Index » Learn » called copy constructor in foreach with ref on Range (page 2)

June 22, 2020

Re: called copy constructor in foreach with ref on Range

Posted by Jonathan M Davis
in reply to kinke

Jonathan M Davis

Posted in reply to kinke

On Monday, June 22, 2020 3:10:28 PM MDT kinke via Digitalmars-d-learn wrote:
> On Monday, 22 June 2020 at 20:51:37 UTC, Jonathan M Davis wrote:
> > [...]
>
> That's why I put the struct in parantheses. Moving a class ref makes hardly any sense, but I've also never written a *class* to represent a range. Moving is the no-brainer solution for transferring ownership of struct ranges and invalidating the original instance.
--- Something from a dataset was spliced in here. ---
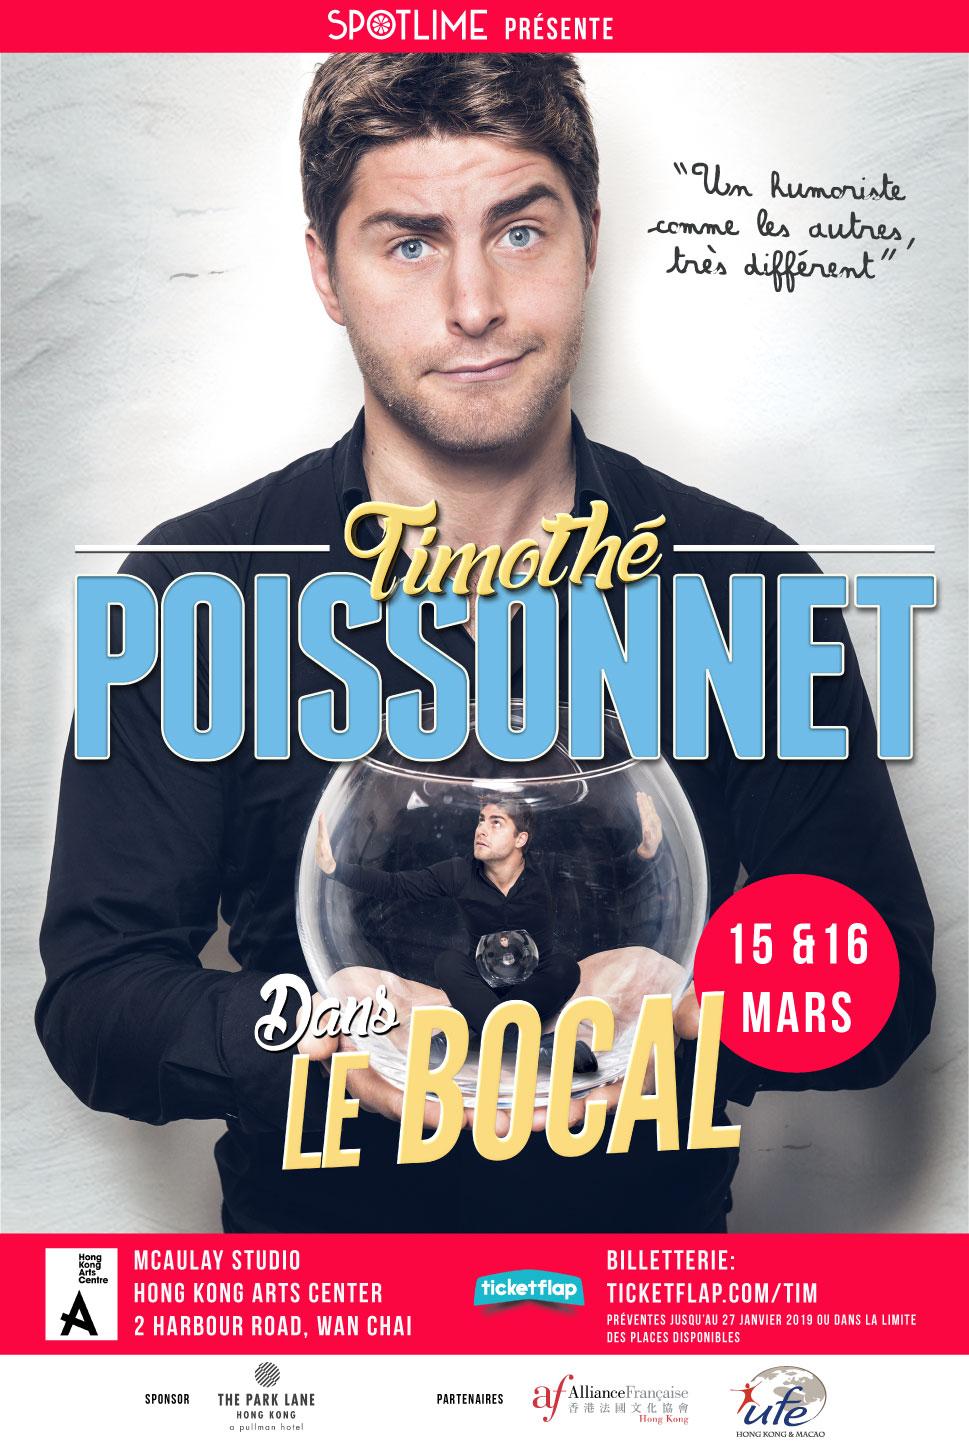 Timothé Poissonnet était en tournée à Shanghai, Bangkok, Hong Kong, et Singapour en mars 2019

Invalidating the instance doesn't actually prevent it from being misused though. At best, the fact that you moved the instance rather than copying it makes it more likely that accidentally using the instance will cause more extreme bugs or crash. The core issue that the original is potentially invalid but can still be used exists whether you copy the range or move it.
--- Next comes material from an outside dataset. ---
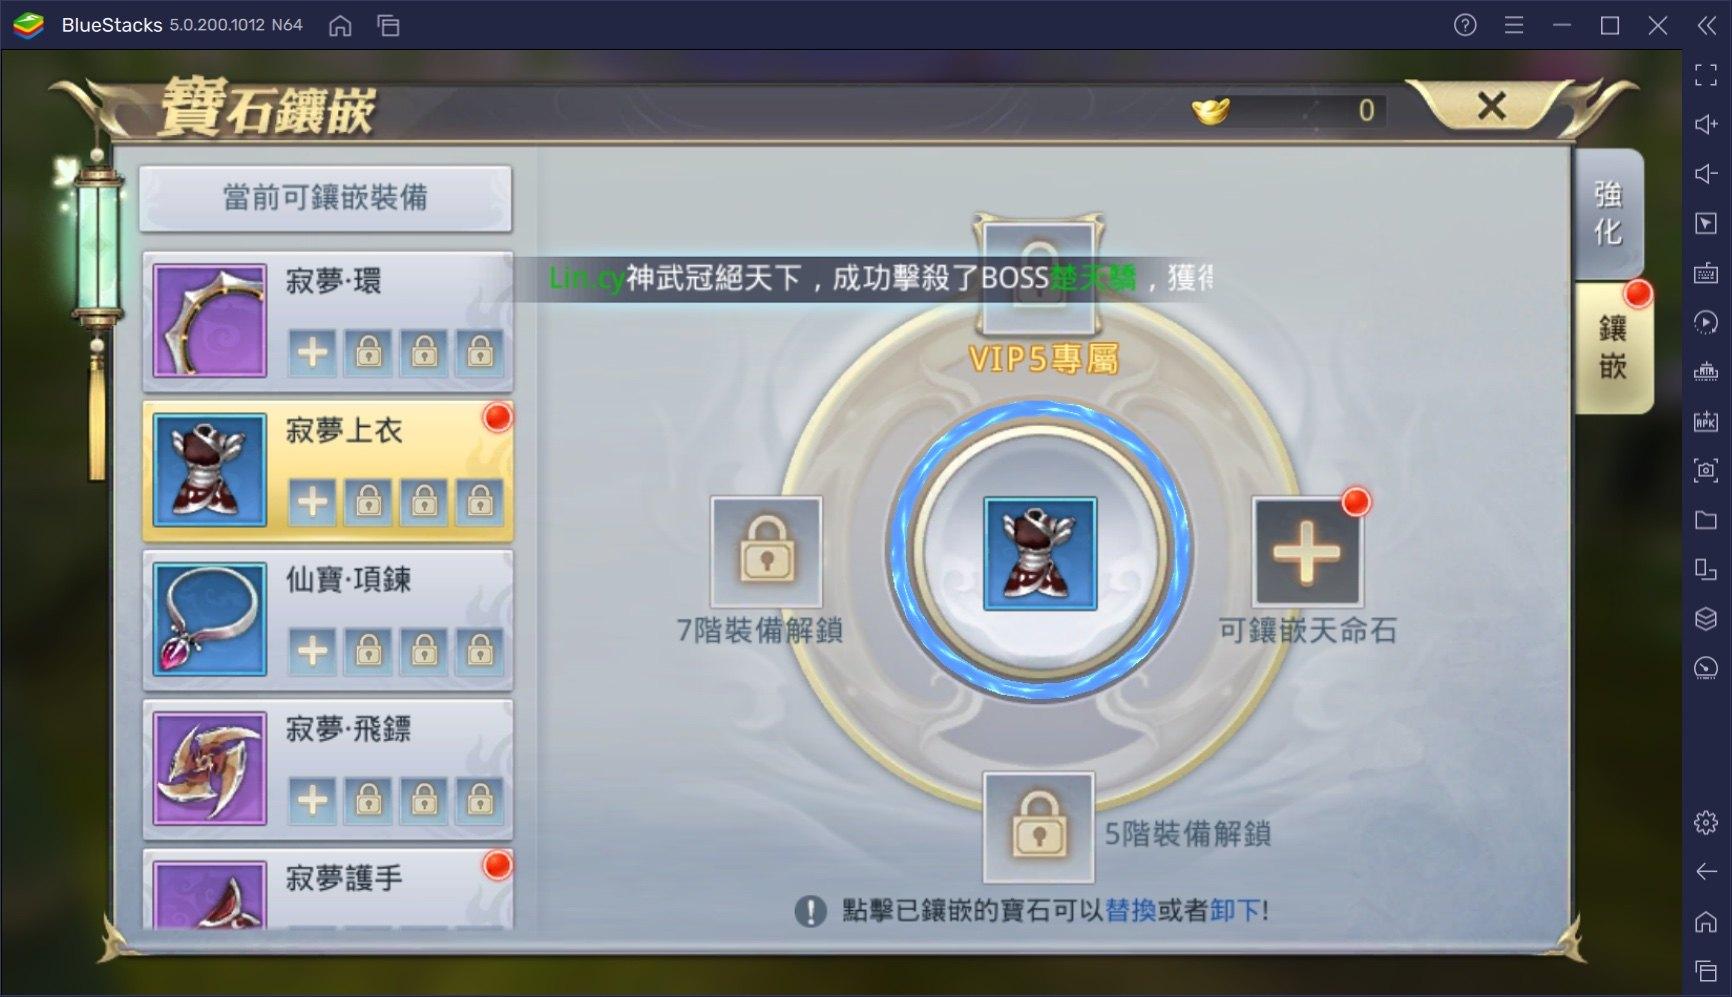 如何使用BlueStacks在電腦上玩手機遊戲《星魂2M》

Also, since the issue here is generic code, you have to take classes into account and cannot assume that the range is a struct. True, it's usually a bad idea to use classes for ranges, and ideally, we'd alter the range API so that classes weren't valid ranges, but the reality of the matter is that they are, and generic code has to take that into account.

- Jonathan M Davis

June 22, 2020

Re: called copy constructor in foreach with ref on Range

Posted by Paul Backus
in reply to H. S. Teoh

Paul Backus

Posted in reply to H. S. Teoh

On Monday, 22 June 2020 at 21:33:08 UTC, H. S. Teoh wrote:
>
> Jonathan is coming from the POV of generic code.  The problem with move leaving the original range in its .init state isn't so much that it will crash or anything (even though as you said that does indicate a flaw in the range's implementation), but that the semantics of generic code changes in subtle ways. For example:
>
> [...]

Seems to me like adding some unit tests with non-copyable input ranges to Phobos could expose a number of latent bugs.

June 23, 2020

Re: called copy constructor in foreach with ref on Range

Posted by Stanislav Blinov
in reply to H. S. Teoh

Stanislav Blinov

Posted in reply to H. S. Teoh

On Monday, 22 June 2020 at 21:33:08 UTC, H. S. Teoh wrote:

> Don't be shocked when you find out how many Phobos ranges have .init states that are invalid (e.g., non-empty, but .front and .popFront will crash / return invalid values).

Which ones?

> Jonathan is coming from the POV of generic code.  The problem with move leaving the original range in its .init state isn't so much that it will crash or anything (even though as you said that does indicate a flaw in the range's implementation), but that the semantics of generic code changes in subtle ways.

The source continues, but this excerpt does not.